The well-being of a child can be as important to a grandparent as it is to a mother or father. Although most cases dealing with access and decision-making responsibility (formerly custody) are brought by parents, a grandparent may also seek a parenting order. While Canadian law does acknowledge a grandparent’s right to request access to a grandchild, final decisions will vary on a case-by-case basis. We asked family law lawyer Negin Sari from Gelman & Associates for more information about grandparents and their role in decision-making responsibility over grandchildren.

What Rights Do Grandparents Have in Access and Contact With a Grandchild?

Although there is no automatic right of access, according to the Children’s Law Reform Act, grandparents have the right to apply in court for a contact order with their grandchild. A judge will use a test based on the best interests of the child to determine whether access (parenting time) should be granted to a grandparent.

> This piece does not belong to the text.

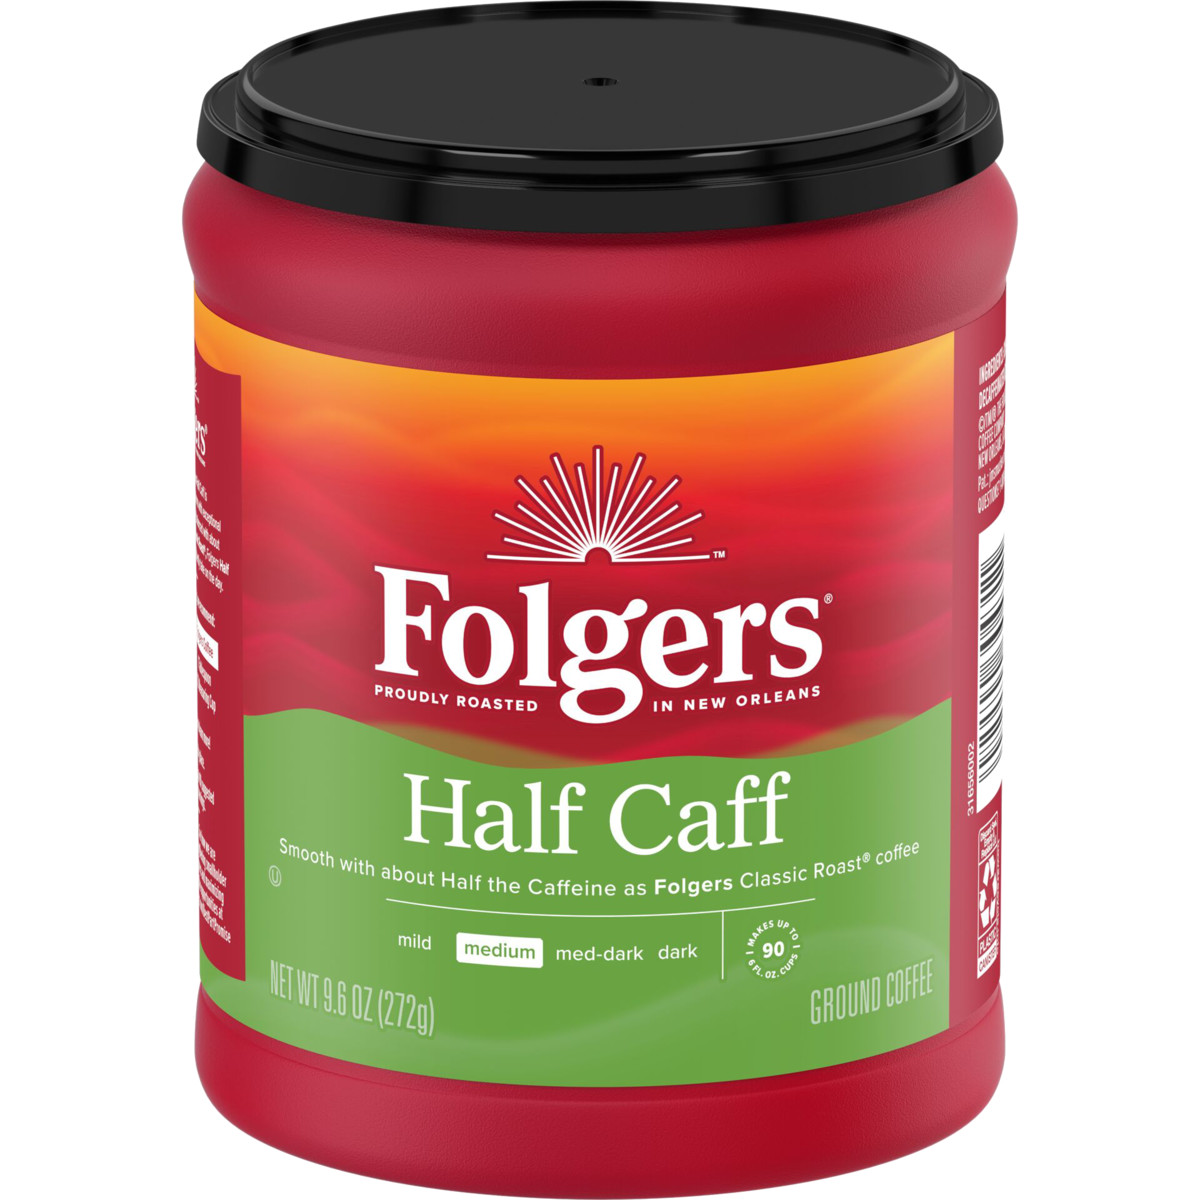 Folgers® 1/2 Caff Coffee

This test will consider a child’s overall emotional, psychological, and physical well-being in the presence of their parents, grandparents, or other related individuals. It may also take into account the child’s preexisting relationship with the grandparents.

Do Grandparents Have Any Rights in Parenting Plans and Decision-Making Responsibility (Custody)?

The Children’s Law Reform Act also states that a grandparent can apply to the court for a parenting order respecting decision-making responsibility (custody) over a child. Applications by grandparents for decision-making responsibility are generally considered when both of a child’s parents are unwilling or unable to provide full-time care.

Courts and judges will consider a wide variety of factors in determining what the best interests of the child are. Under Section 24(3) of the Children’s Law Reform Act, these factors may include:

  • The child’s day-to-day needs
  • The child’s age and stage of development
  • The nature and strength of the child’s relationship with their parents and grandparents
  • Each parent’s willingness to support the child’s relationships with other parents, grandparents, or relevant figures
  • The history of the child’s primary caregiver and whether there have been changes
  • And more

If the court determines that the involvement of a grandparent in decision-making responsibility is in the best interests of the child, the request may be authorized. If you require legal assistance about how to apply for decision-making responsibility or your grandchild’s best interests, schedule a consultation with our family law lawyers at Gelman & Associates today.

Can a Parent Deny a Grandparent Visitation?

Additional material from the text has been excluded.